--- Task details ---
From the line containing "Alyssa Milano Embrace" down to the line containing "Main Photo: 7311", copy out the entries below exactly, both lines included, and nothing else; pictures do not belong in the copy.

--- Raw data ---
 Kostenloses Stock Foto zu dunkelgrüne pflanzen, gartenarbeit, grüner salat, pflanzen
--
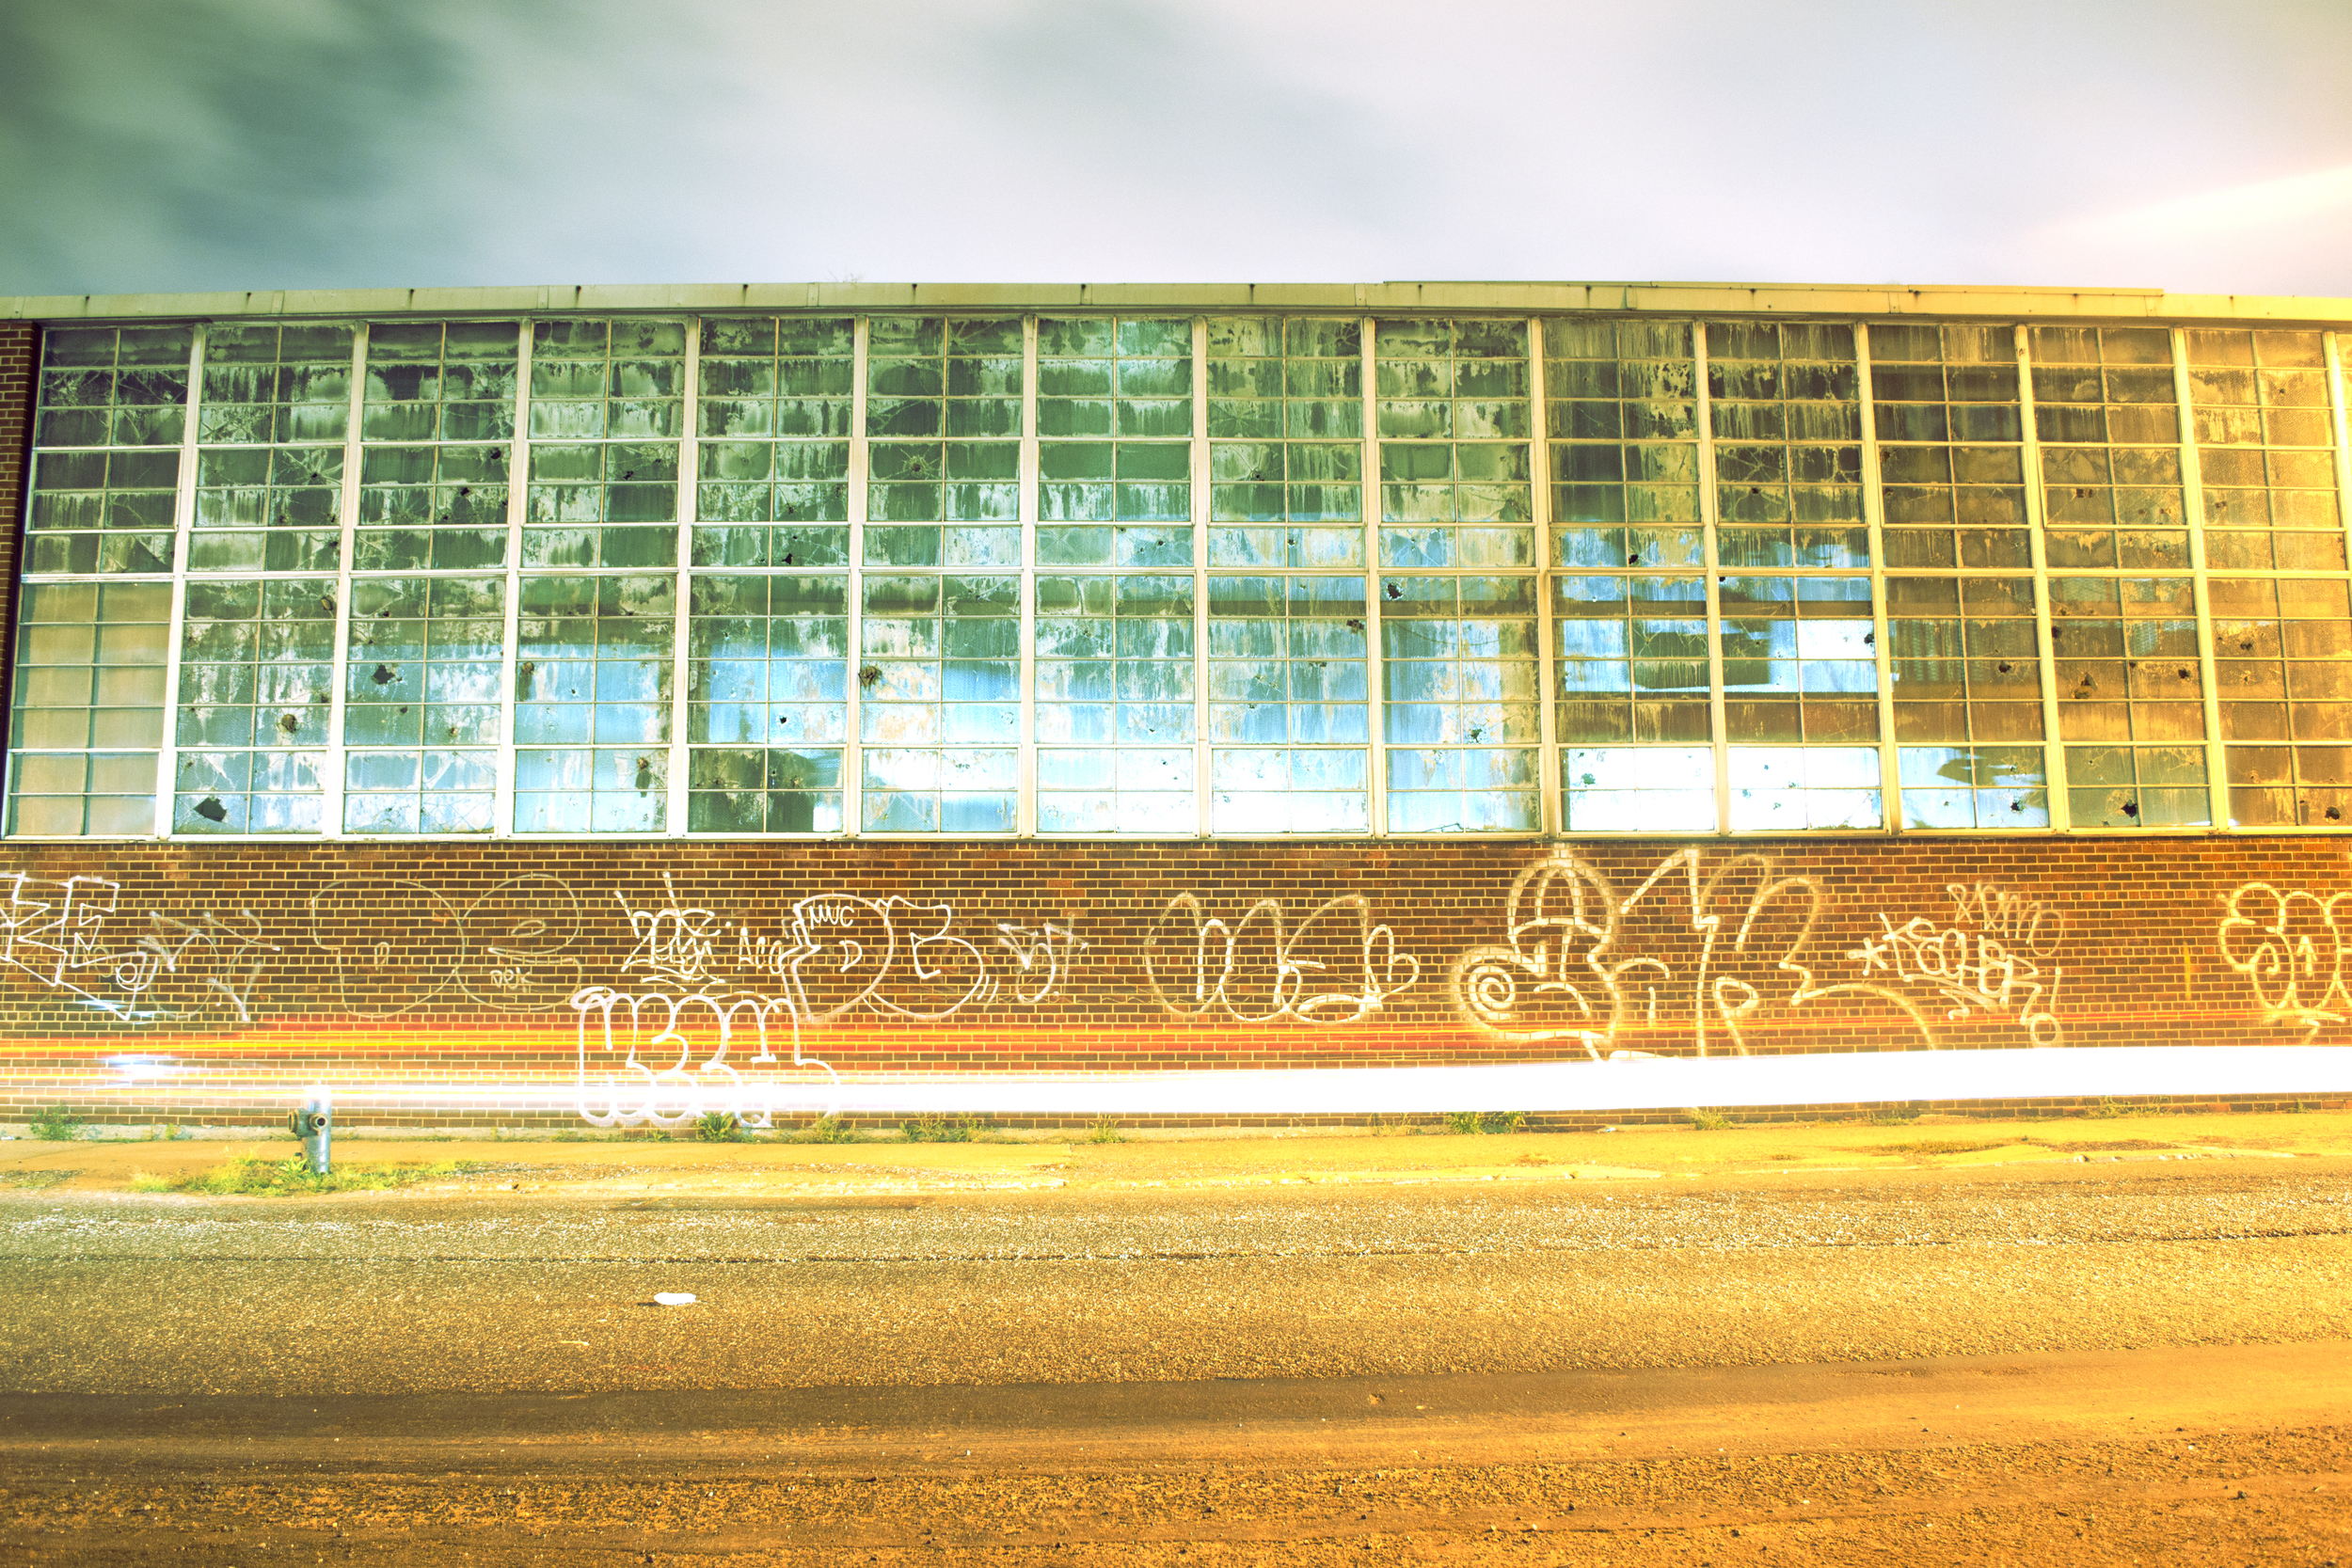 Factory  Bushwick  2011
* * *
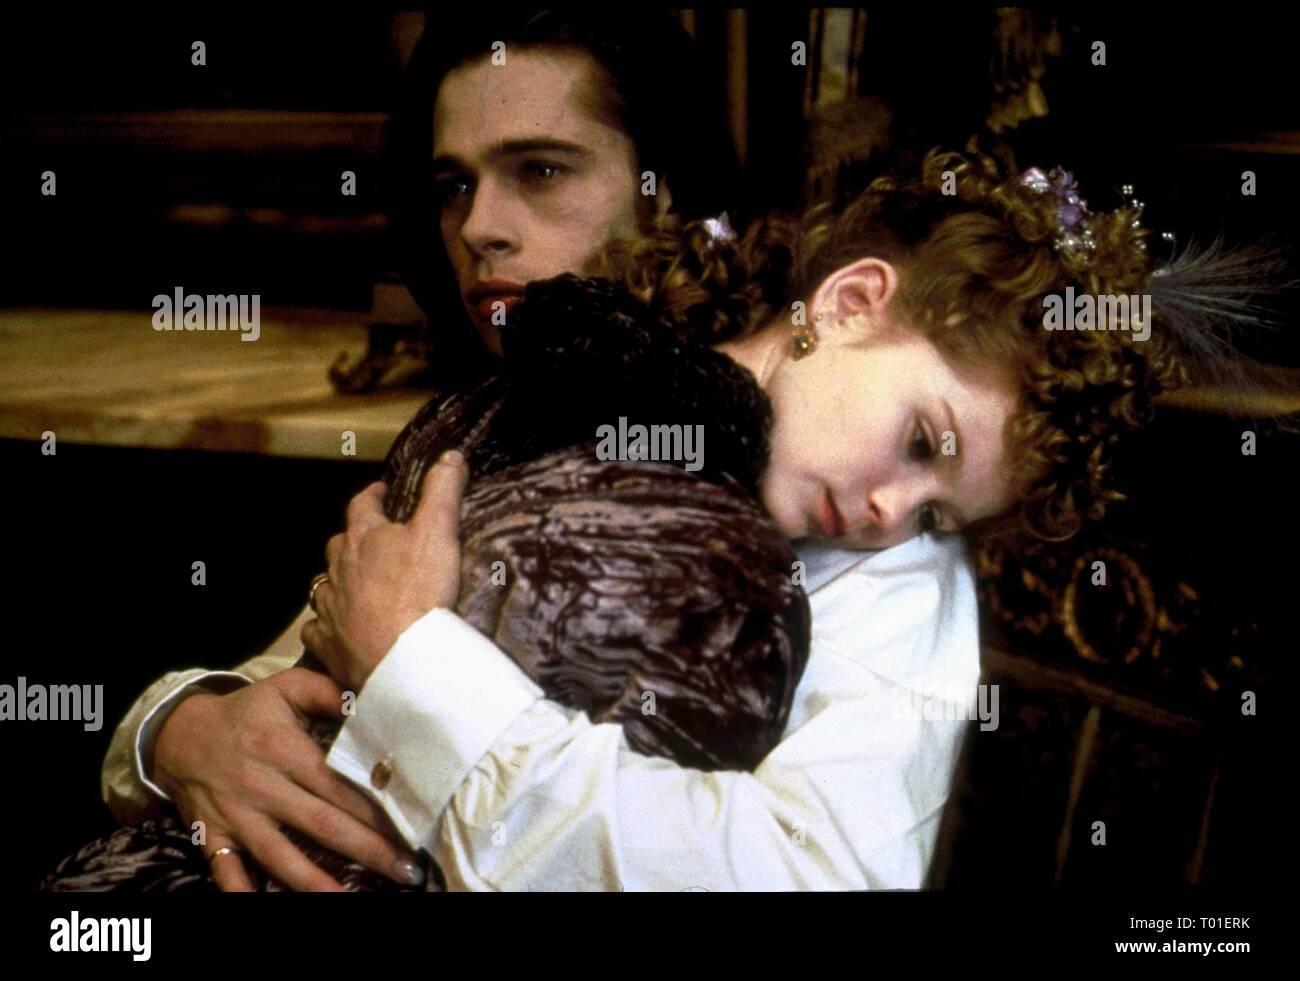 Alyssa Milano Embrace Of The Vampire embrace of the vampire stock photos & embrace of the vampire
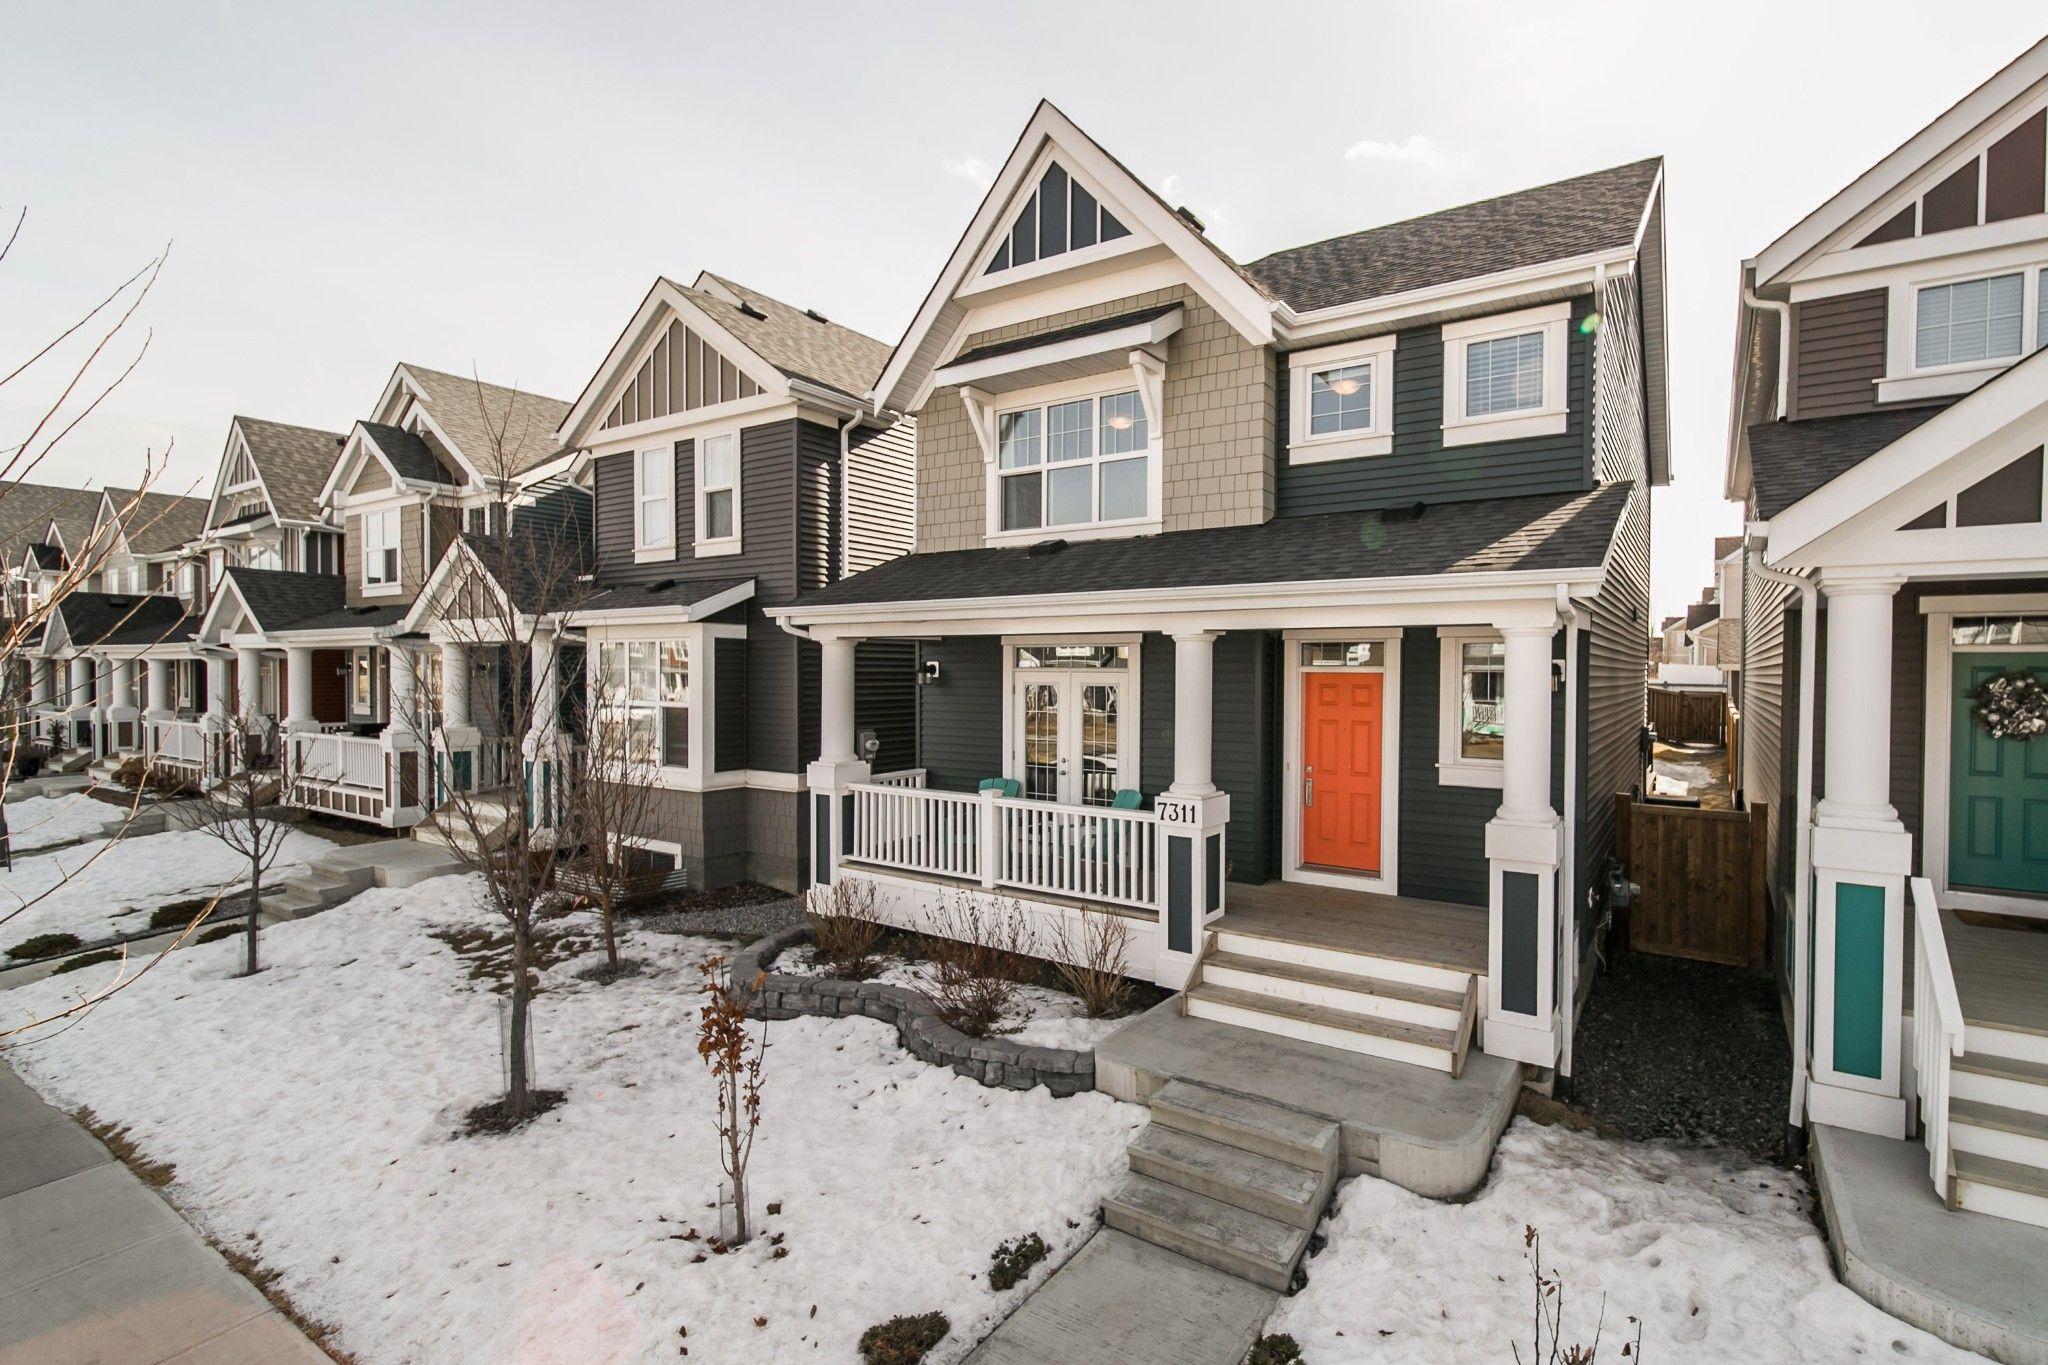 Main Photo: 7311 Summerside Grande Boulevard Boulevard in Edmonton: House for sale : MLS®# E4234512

--- Written solution ---
 Alyssa Milano Embrace Of The Vampire embrace of the vampire stock photos & embrace of the vampire
 Main Photo: 7311 Summerside Grande Boulevard Boulevard in Edmonton: House for sale : MLS®# E4234512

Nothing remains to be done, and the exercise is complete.